**Instructions to follow:** Where a picture appears in the data below, exclude it; restate everything else word for word.

BEGIN Stored data

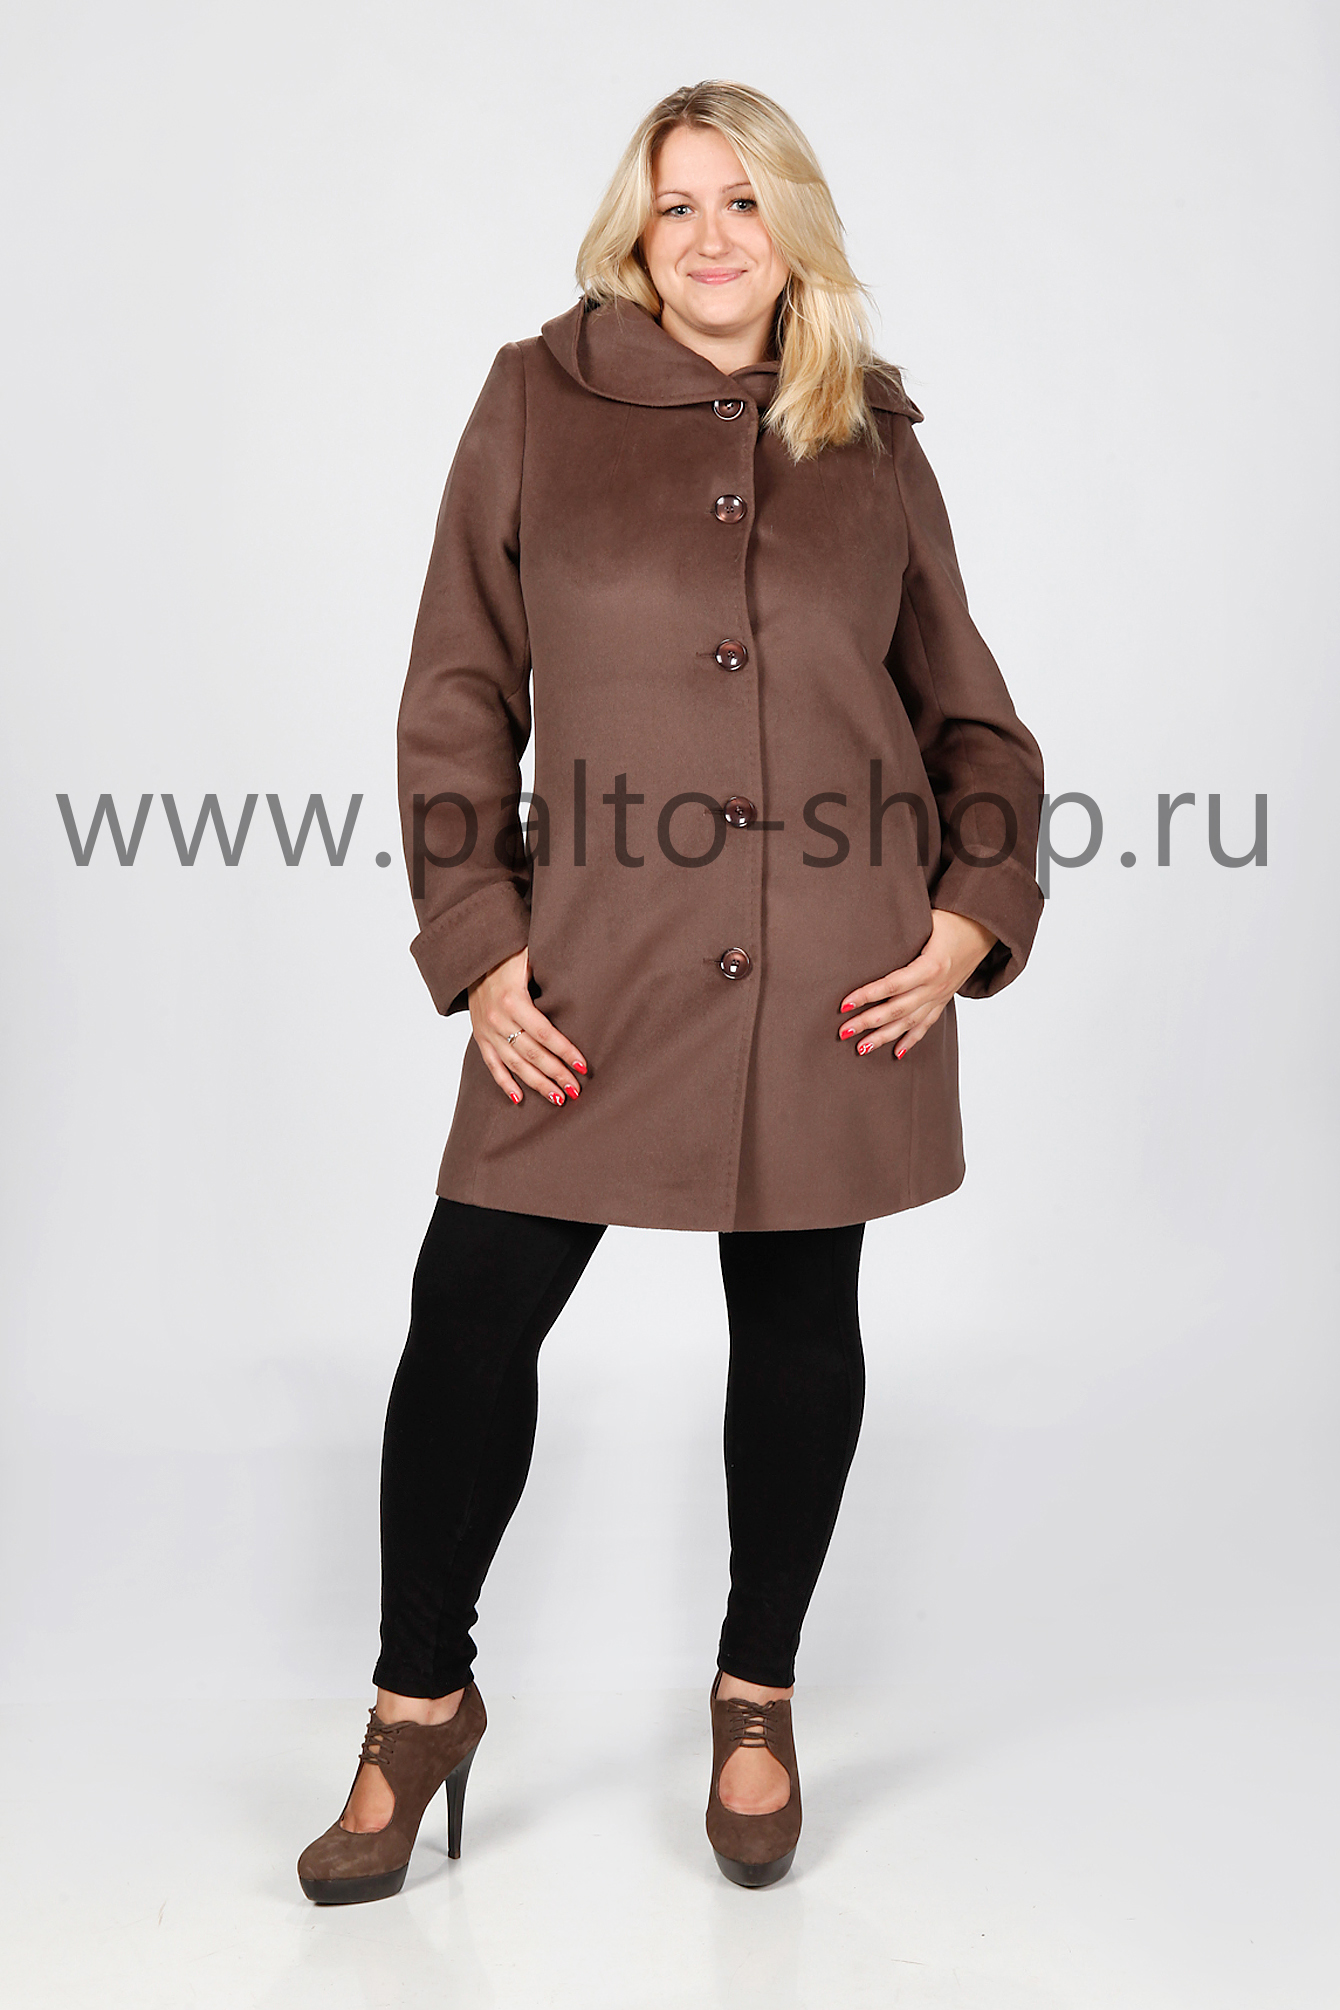 Пальто с капюшоном Николь, цвет Коричневый, тм Valery 2000
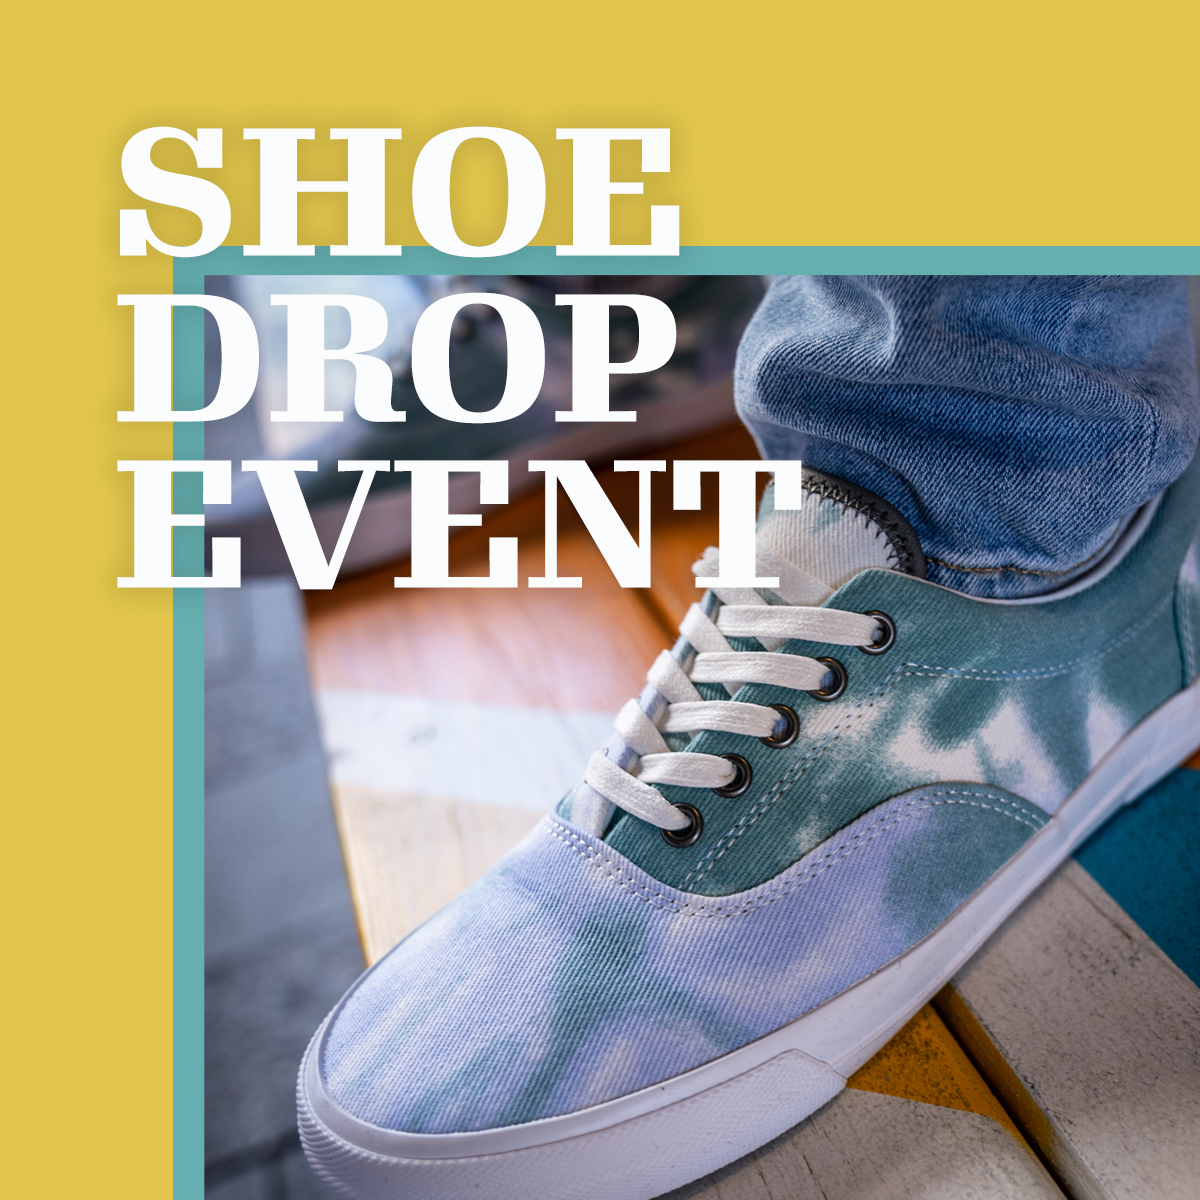 Shoe Drop Event
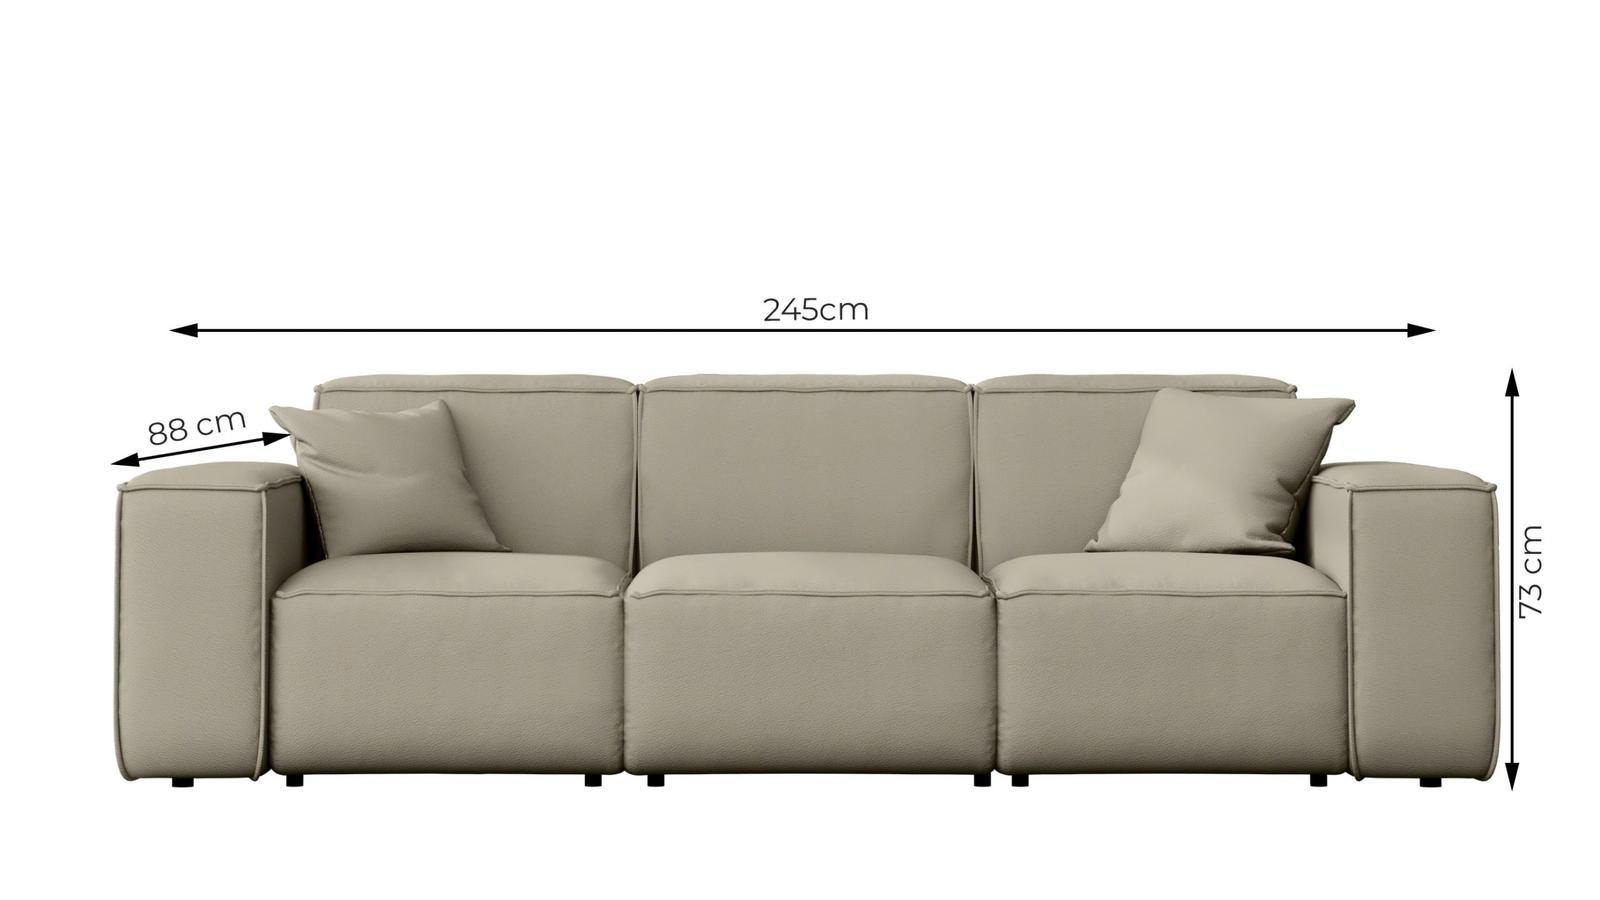 Sofa ogrodowa MALIBIU 245x103x88 cm wodoodporna UV 3-os + 2 poduszki do ogrodu ciemnoniebieska 2 Full Screen

END Stored data

**Your response:**
 Пальто с капюшоном Николь, цвет Коричневый, тм Valery 2000
 Shoe Drop Event
 Sofa ogrodowa MALIBIU 245x103x88 cm wodoodporna UV 3-os + 2 poduszki do ogrodu ciemnoniebieska 2 Full Screen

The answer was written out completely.